Defendants acknowledge the considerable evidence of their motive to try to kill Scott, their cousin, and that Scott identified Vaughn as the shooter and Delery as the driver to Detective Berry, his mother, his stepfather, and his uncle. Defendants rely on Scott’s recanting of these statements at trial and ask us to reweigh the evidence and find more credible Scott’s testimony at trial that he never saw the shooter, neither defendant shot him, and he never said they did. Defendants point to various inconsistencies in Scott’s out-of-court statements, such as whether the shooter was male or female, and that the shooter had a tattoo on the neck; neither defendant has a tattoo of the type Scott described. Defendants also contend Scott is an unreliable witness because he has felony convictions and had various motives to lie.
Further, defendants point out that Scott’s brothers did not provide any testimony supporting the prosecution and denied knowing whether defendants were at the party during which Scott was shot. Defendants argue the prosecutor’s failure to call Scott’s friend who was walking with him at the time of the shooting leaves a gap in the evidence, and Detective Berry’s explanation that the friend had moved to Seattle is so inadequate that we should infer the friend would not support the prosecution case. Defendants also argue Scott’s mother was motivated to lie because of her feud with Vaughn’s mother.
But we cannot reweigh the evidence or substitute our judgment for that of the jury on credibility questions. Scott testified at trial the only reason he believed defendants were the perpetrators was that a friend told him defendants were bragging about shooting him. The jury was entitled to disbelieve this testimony, because Scott also testified the friend told him about defendants bragging after his release from the hospital, yet Scott identified defendants as the perpetrators to Detective Berry while he was still in the hospital.
Scott was serving a prison term at the time of trial and testified that he would not be a snitch, and that cooperating with law enforcement could get him stabbed or killed in prison. Scott testified he did not trust police and preferred to handle things on his own. That testimony, together with the substantial evidence that defendants and their family members were threatening Scott’s family for having cooperated with law enforcement, and the substantial evidence that Scott wanted to exact his own revenge on defendants, was sufficient to explain why Scott recanted his many pretrial statements to law enforcement and family members identifying defendants as the perpetrators of the crime.
DISPOSITION
The judgments of conviction of Delery and Vaughn are affirmed.
NOT TO BE PUBLISHED IN THE OFFICIAL REPORTS




GRIMES, J.


WE CONCUR:



BIGELOW, P. J.



RUBIN, J.




Description Defendants and appellants Eric Delery and Kelly Vaughn, who are cousins, were convicted of attempted willful, deliberate and premeditated murder of another cousin, James Scott.

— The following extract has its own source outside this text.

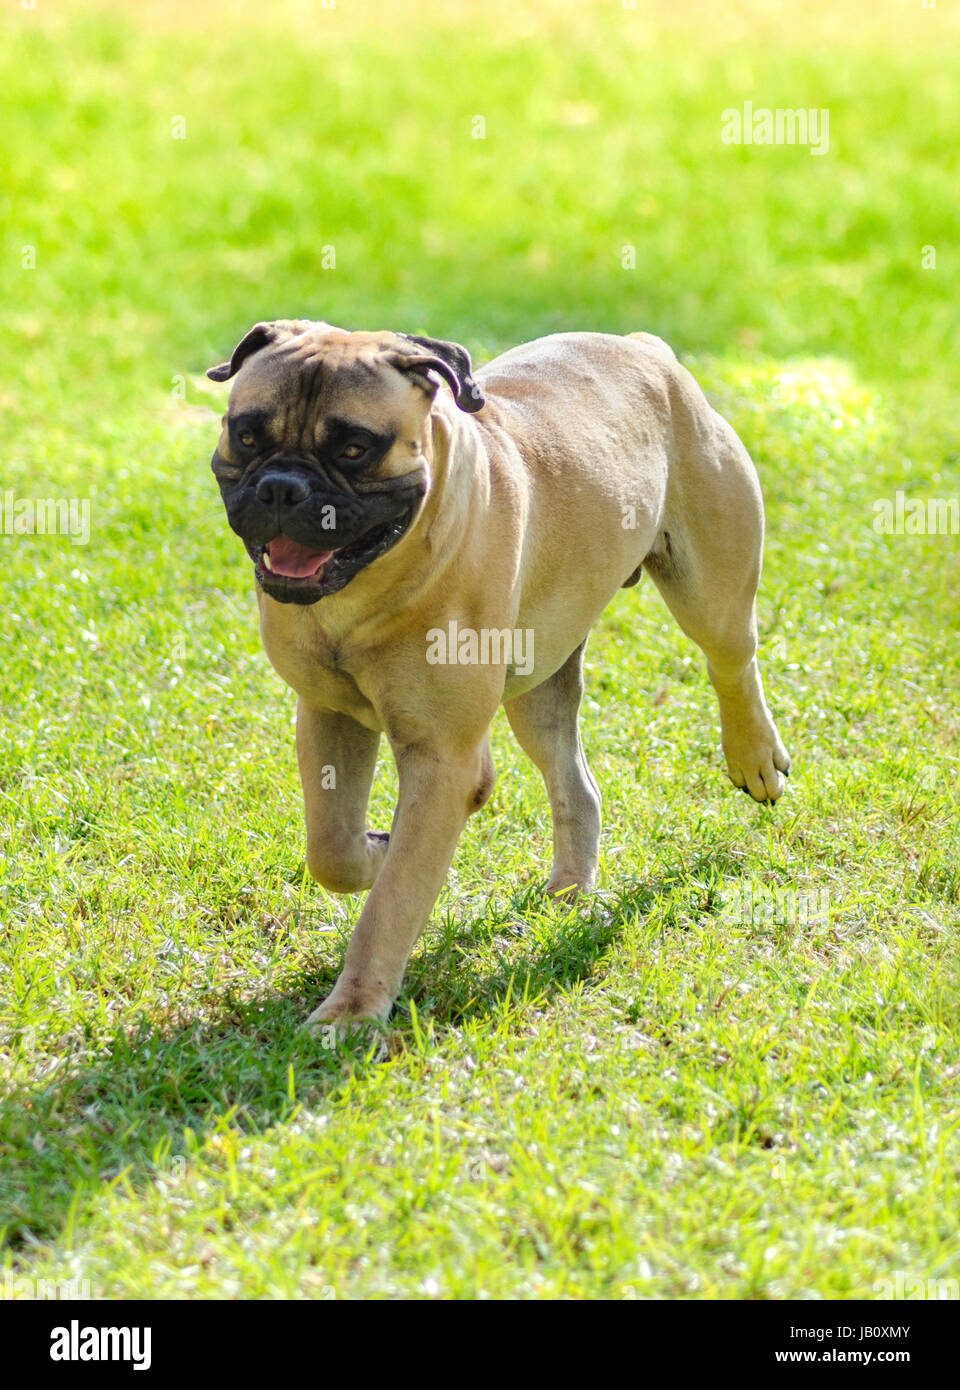 A young, beautiful red fawn, medium sized Bullmastiff dog walking on the grass. The Bullmastiff is a powerfully built animal with great intelligence and a willingness to please. Stock Photo

Delery was also convicted of dissuading a witness by force or threat. Scott was the victim of a war between two feuding sides of the same family, which led to his cousins' drive-by shooting.
The sole issue raised by defendants on appeal is that there was not substantial evidence to identify them as the perpetrators of the crimes. Scott disavowed at trial his numerous out-of-court statements to law enforcement and family members that his male cousin Delery was the driver and his female cousin Vaughn was the shooter. Finding substantial evidence that Delery and Vaughn committed the crimes of which they were convicted, we affirm the judgments.